Filipina photographer

Kimberly dela Cruz is a Filipina photographer. In 2023, she was awarded the World Press Photo award. She has also been the project coordinator of the Philippine Center for Investigative Journalism's Stories Project.

== Career ==
While studying journalism, Dela Cruz became a student activist, carrying her camera during protests. After graduating, she started her career working from 2013 to 2017 as a photo correspondent for Philippine Daily Inquirer before working with documentary photography and working for different publications. Starting in 2016, she began documenting the Philippine drug war through photography and research, and the following year co-produced “Si Kian,” a children's book about the murder of Kian Delos Santos that won a National Children's Book Award. In 2018, she became a fellow at the International Women's Media Foundation and was sent to El Salvador to cover migration, LGBTQI and women's issues.

Among her projects, Dela Cruz produced Death of a Nation, a collection of photographs that narrate scenes related to the drug war in Manila and the lives of families affected by the killings. For the series, in 2019 she was shortlisted for the Magnum Foundation's Inge Morath Award, in 2021 she was awarded the W. Eugene Smith Memorial Fund for Humanistic Photography, and in 2023 was awarded in the “long-term project” category of the World Press Photo contest.

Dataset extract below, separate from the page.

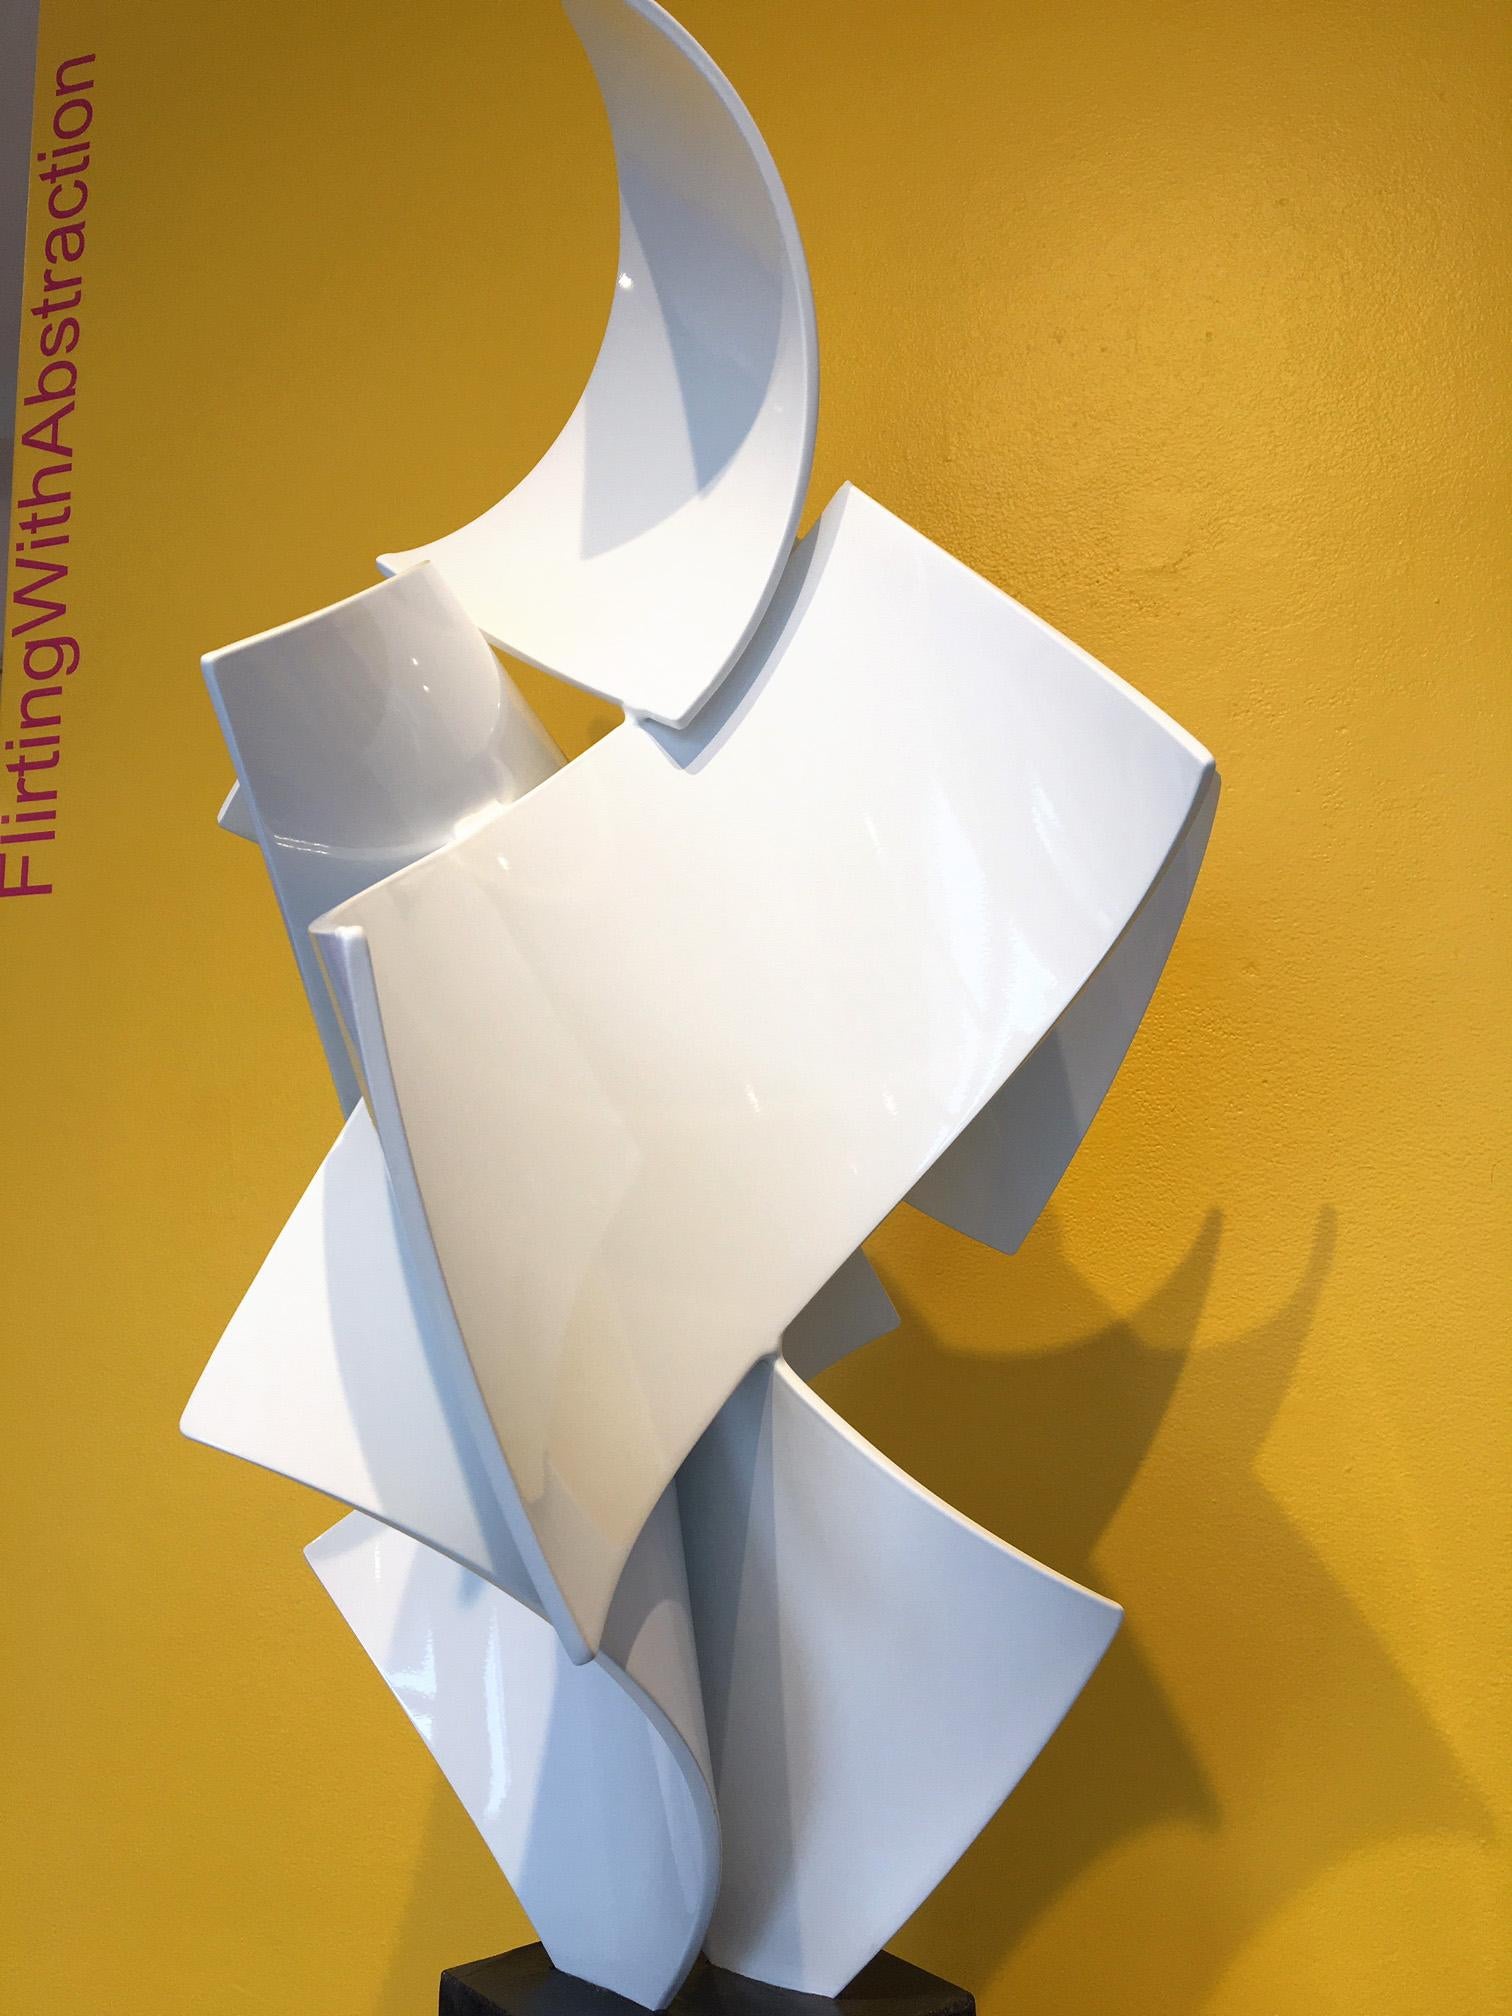 Big Top #15, Matt Devine (white freestanding sculpture, Indoors/Outdoors) 2

Her work has been featured in several publications and exhibitions internationally, including in The Washington Post, Time magazine, BuzzFeed and several local publications. She has participated in nightly group exhibitions on the work of Filipino photographers who have documented extrajudicial killings in the country. The exhibitions were held in Bosnia, France and Thailand. She has also been the coordinator of the Philippine Center for Investigative Journalism's story project, where she co-produced “Si Kian.”.